Deze factsheet gaat over verkeersdoden: het jaarlijkse aantal in Nederland, de ontwikkeling daarin sinds 1950 en kenmerken zoals vervoerswijze en leeftijd van het slachtoffer en ongevalslocaties. Het aantal verkeersdoden in Nederland vertoont, na een stijging in de jaren vijftig en zestig, een geleidelijke daling sinds 1973. De laatste jaren is deze daling gestagneerd. In 2021 vielen er 582 doden in het verkeer in Nederland. Hoewel dit wederom een lager aantal is dan in de voorafgaande jaren, is het ondanks opnieuw een ‘coronajaar’ niet het laagste aantal verkeersdoden tot nu toe.
Ruim een derde van de verkeersdoden bestaat in 2021 uit fietsers (207; 36%) en drie op de tien is auto-inzittende (175; 30%). De meeste doden in het verkeer vallen onder ouderen: in 2021 waren 220 (38%) verkeersdoden 70 jaar of ouder. Kinderen (0-14 jaar) komen juist relatief weinig om in het verkeer; in 2021 waren dat er – net als het jaar ervoor – 17 (3%).
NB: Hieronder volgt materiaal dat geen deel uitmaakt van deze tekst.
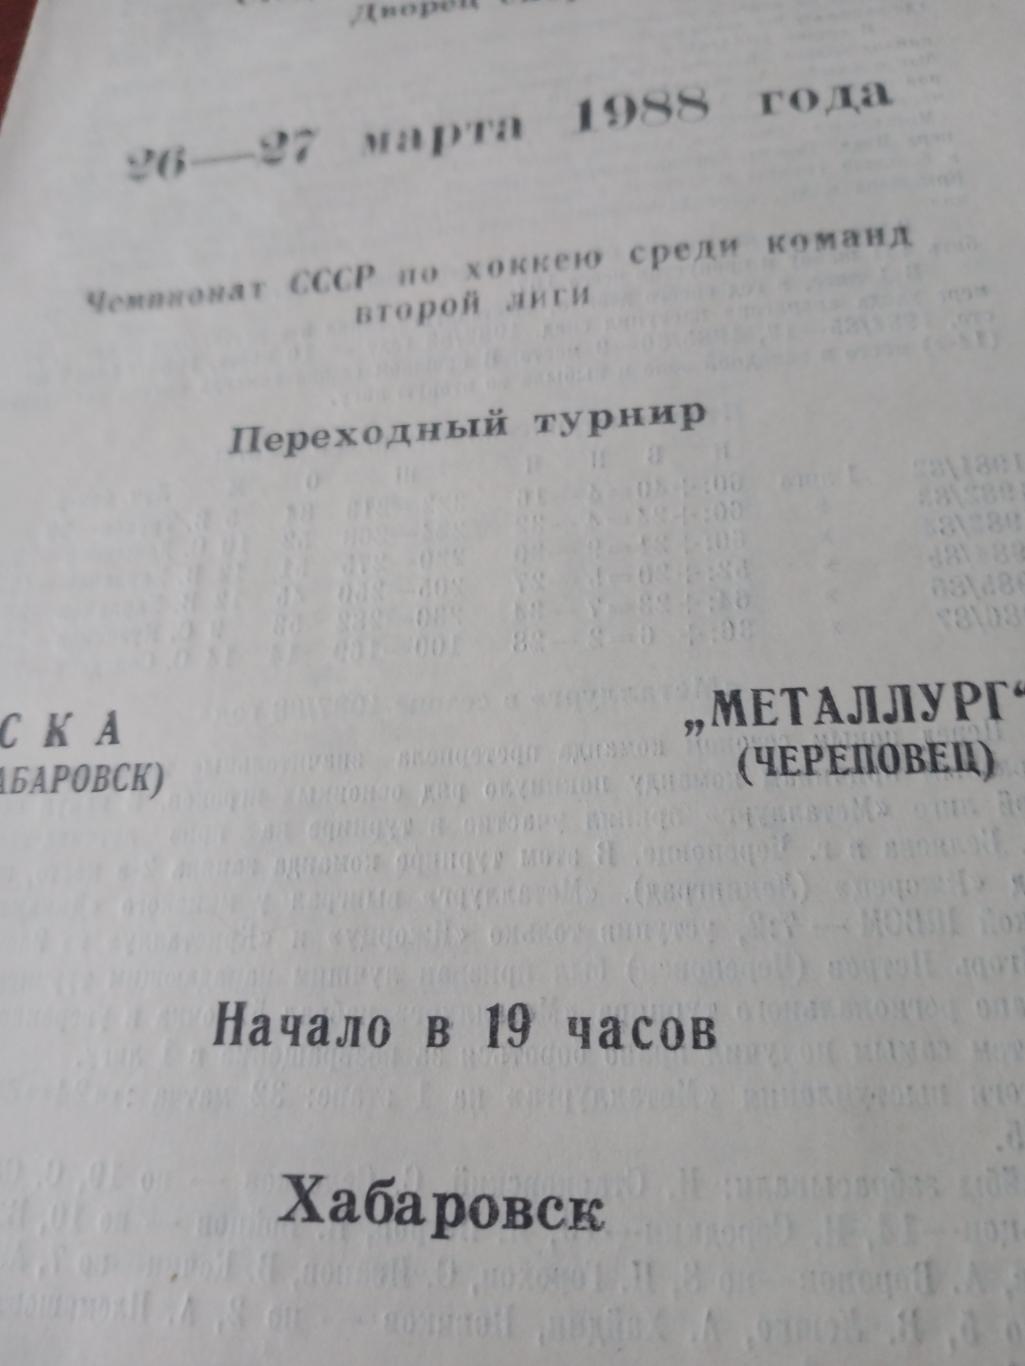 СКА Хабаровск - Металлург Череповец. 26 и 27 марта 1988 год

Bij vergelijking van aantallen verkeersdoden in verschillende groepen (zoals leeftijd, vervoerswijze, wegtype) moet worden bedacht dat het aantal verkeersslachtoffers in ieder geval afhangt van de mobiliteit: hoe meer men reist, hoe vaker men bij een ongeval betrokken kan raken. Het aantal slachtoffers hangt ook af van de veiligheidskenmerken van die mobiliteit: er zijn veilige en minder veilige wegen en veilige en minder veilige voertuigen. Daarnaast beïnvloedt ook het rijgedrag de kans op een verkeersongeval. Het aantal verkeersdoden in een bepaalde groep wordt dus niet alleen bepaald door hoe ‘gevaarlijk’ het voor die groep is (het risico van die leeftijdsgroep, sekse, vervoerswijze of wegtype), maar ook door de hoeveelheid mobiliteit van die groep (van dat vervoermiddel, op dat wegtype, enzovoort). Ten slotte speelt het toeval ook altijd een rol. (Kleine) verschillen tussen aantallen doden in opeenvolgende jaren kunnen toevallig zijn.